Incidents/2025-02-28 www.wikipedia.org redirect
document status: draft
Summary
Incident ID | 2025-02-28 www.wikipedia.org redirect | Start | 2025-02-27 03:30:00 |
---|---|---|---|
Task | T387549 | End | 2025-02-28 10:35:33 |
People paged | 0 | Responder count | 7 |
Coordinators | Jcrespo | Affected metrics/SLOs | |
Impact | www.wikipedia.org (and only that) seems to be 301-redirecting to itself in an infinite loop, preventing access to some users |

An incorrect Apache configuration was deployed, which led to an infinite redirect of www.wikipedia.org to itself, preventing its access. Due to CDN cache this was not immediately apparent, as caches can last up to 24 hours. So during the following night, as cache servers expired its result code, it started making the page unavailable to some users, with a slow ramp up, starting around 3:30 for a small number of users and expanding to a majority (but not all) of users by around 9 am (all times in UTC). Actual wiki application (content reading and editing) was not affected, but due to the homepage being the entry point of searching content of some users (specially non-expert users), some people reported that Wikipedia was down due to the high visibility of the impact.
Timeline
All times in UTC.
27-feb:
- 13:42 - deploy https://gerrit.wikimedia.org/r/c/operations/puppet/+/1080357 (due to caching, initial impact is efectually 0)
28-feb:
- ~3:30 excess 301 redirects start on eqiad VISIBLE OUTAGE STARTS HERE (very slow ramp up)

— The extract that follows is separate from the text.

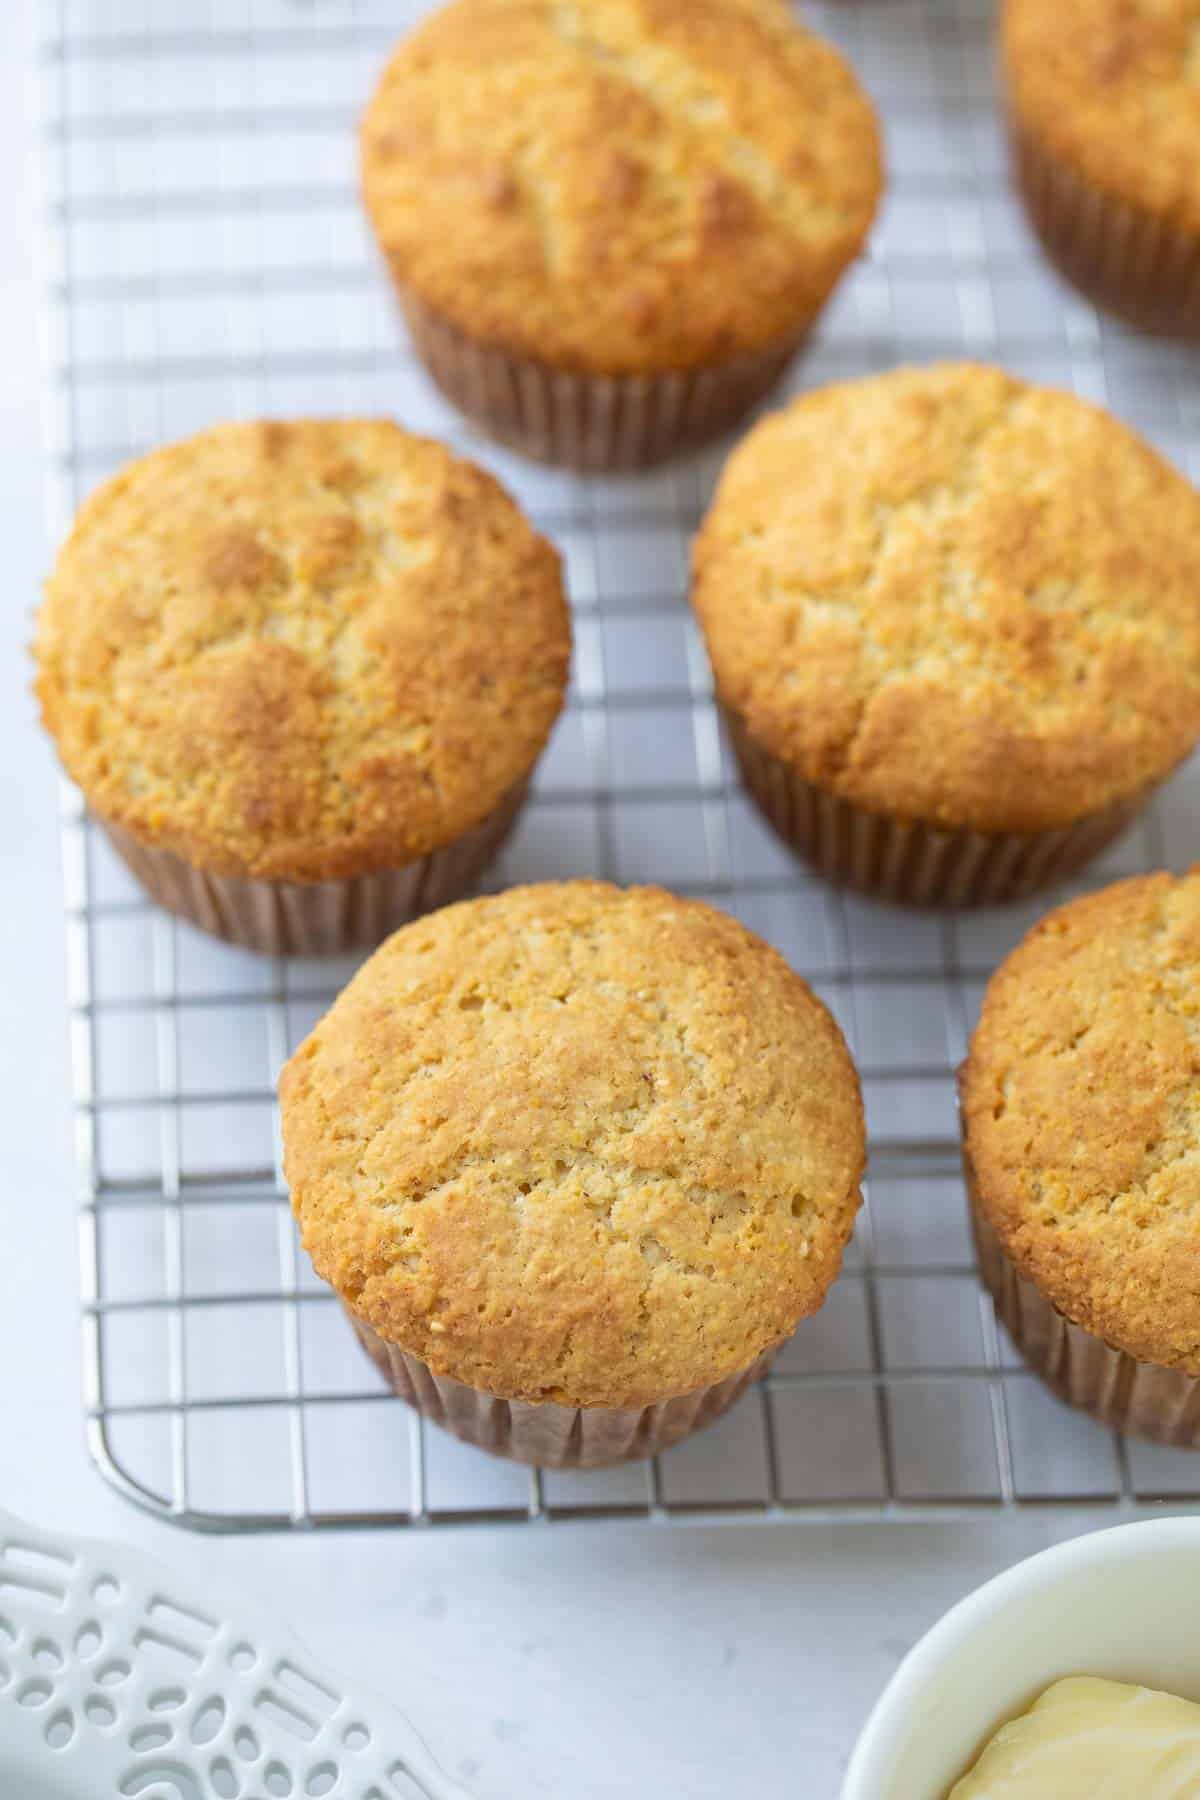 corn muffins cooling on a wire rack

- ~4:42 excess 301 redirects start on drmrs
- 08:25 - Task opened Wikipedia central page (https://www.wikipedia.org) fails to load with Too Many Redirects error task T387549
- 09:29 jcrespo alerts on call responders: we have a full blown outage https://www.wikipedia.org/. Initial reproduction conversation starts, as it cannot be replicated reliably (due to cache)

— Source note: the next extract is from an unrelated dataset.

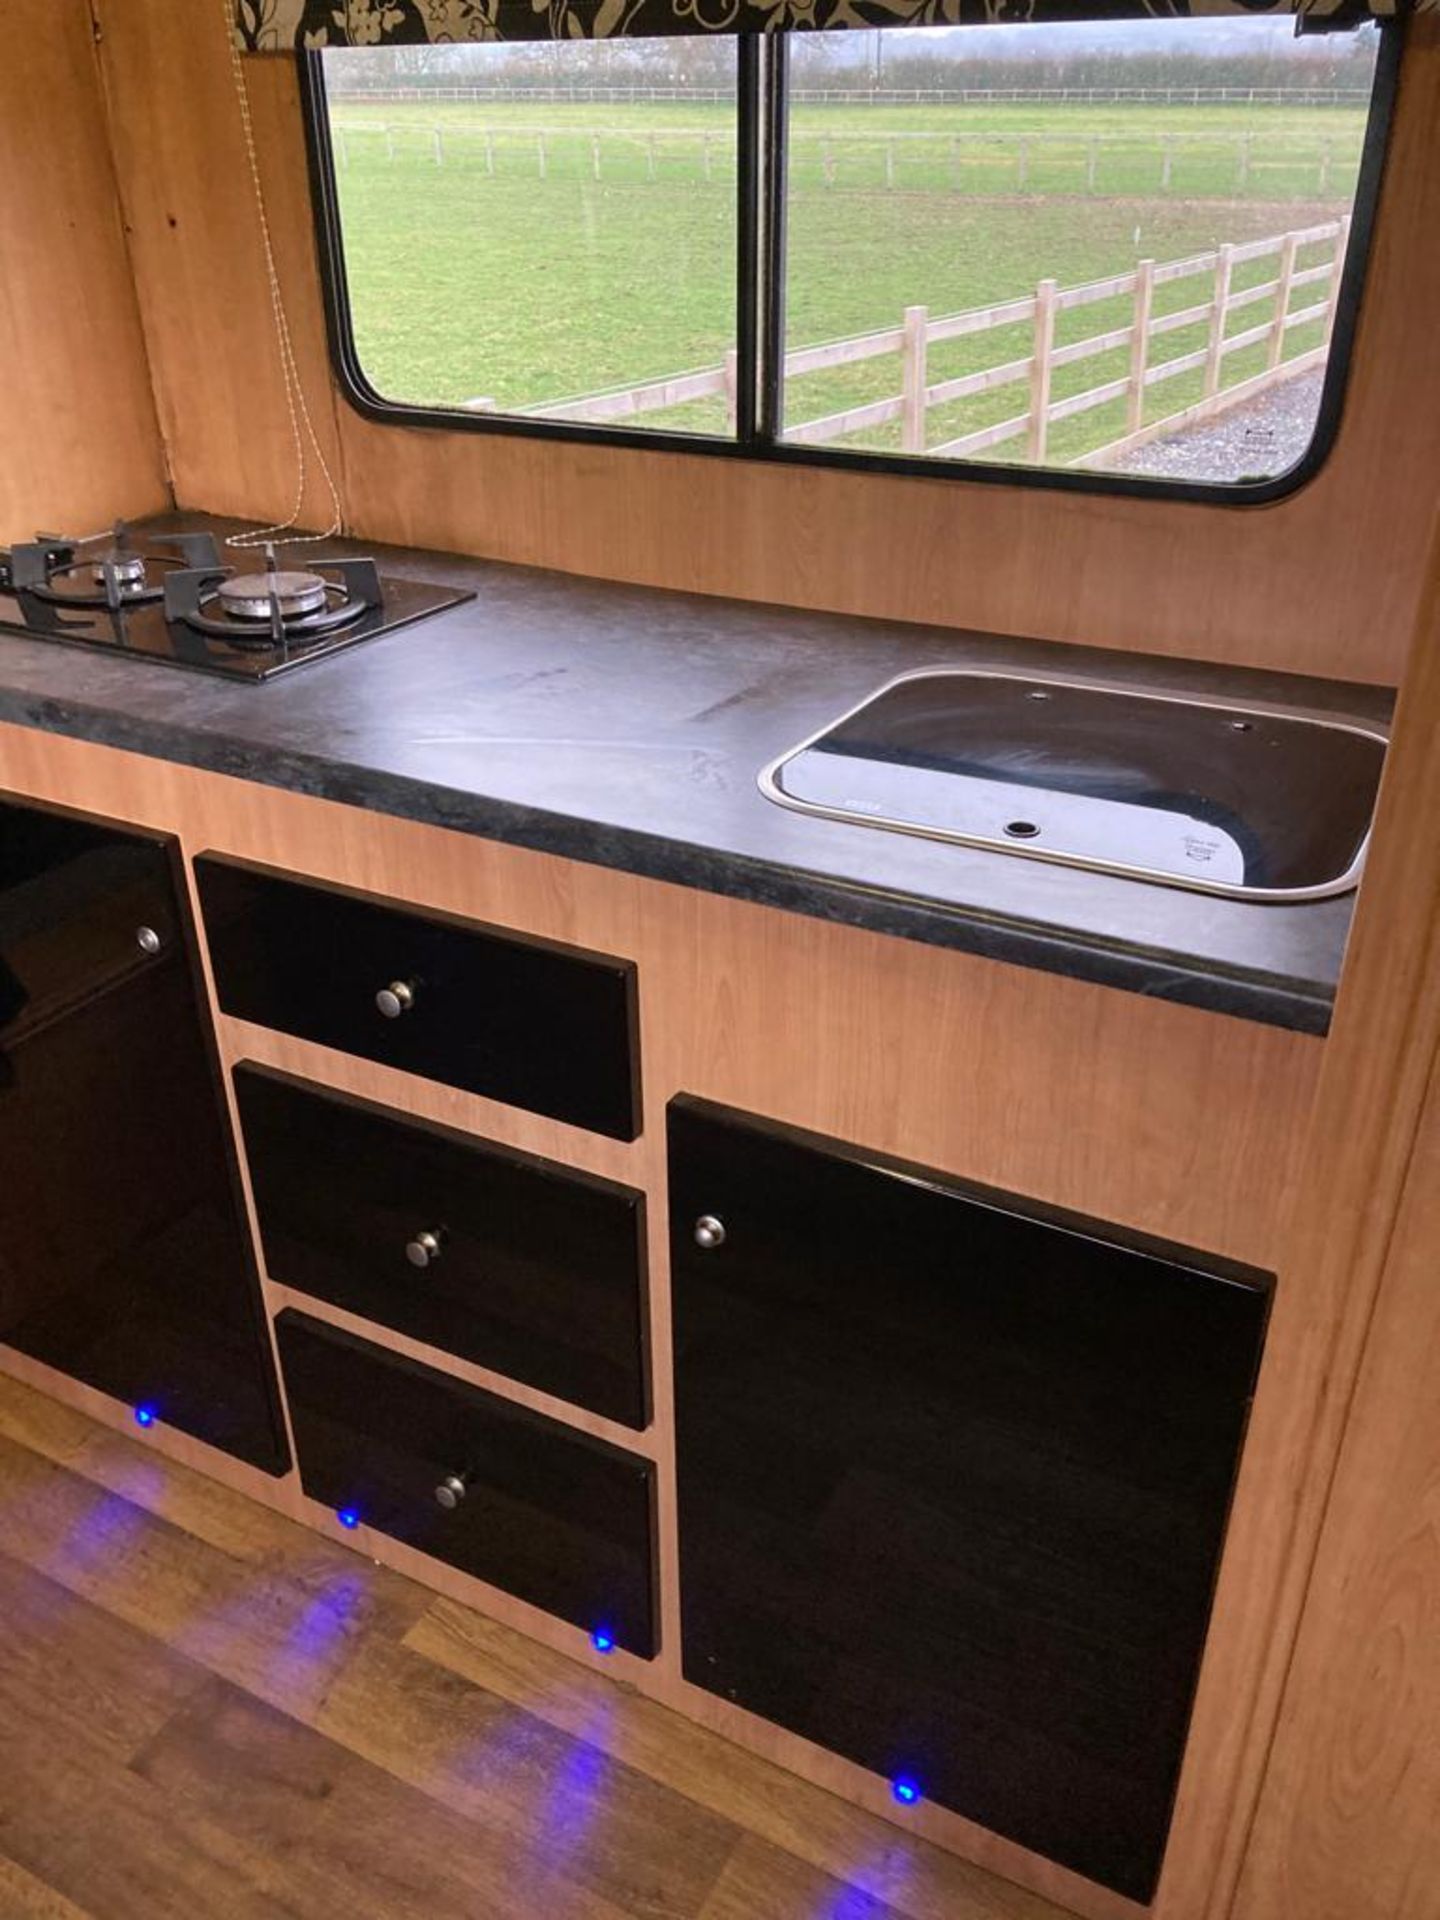 HORSE BOX / ACCOMODATION, SPACE FOR 3 PONIES OR 2 HORSES (MAX HEIGHT 17 HANDS) 304,473 KILOMETERS - Image 23 of 33

- 09:36 - Status panel update Investigating - We are aware that many users are having trouble accessing the portal www.wikipedia.org for excessive redirects, and we are investigating.
- 09:43 Incident opened. Jcrespo becomes IC.
- 09:45 - 09:50 Vgutierrez, Elukey and Joe narrow down the issue to not being cache layer, but mediawiki and point to yesterday's deploy https://gerrit.wikimedia.org/r/c/operations/puppet/+/1080357 The decision is to revert and purge caches.
- 10:05 Revert is merged after CI runs and deployment started
- 10:16 https://gerrit.wikimedia.org/r/c/operations/mediawiki-config/+/1123601 (unrelated) is causing errors, preventing a clean revert
- 10:20 Revert is merged on codfw, cache purging done. Issue is fixed on codfw an dependent caches, but continues on eqiad
- 10:35 Deploy to fix https://gerrit.wikimedia.org/r/c/operations/mediawiki-config/+/1123601 is done on both dcs, cache purged on eqiad OUTAGE FINISHES HERE
- 10:57 After several users confirm the issue is gone, the incident is considered resolved, status page and task updated
Detection

No page or alert went off in the infrastructure. The issue was detected when users reported "wikipedia being down" on social media, and jcrespo pinged the people on call to start the incident response process.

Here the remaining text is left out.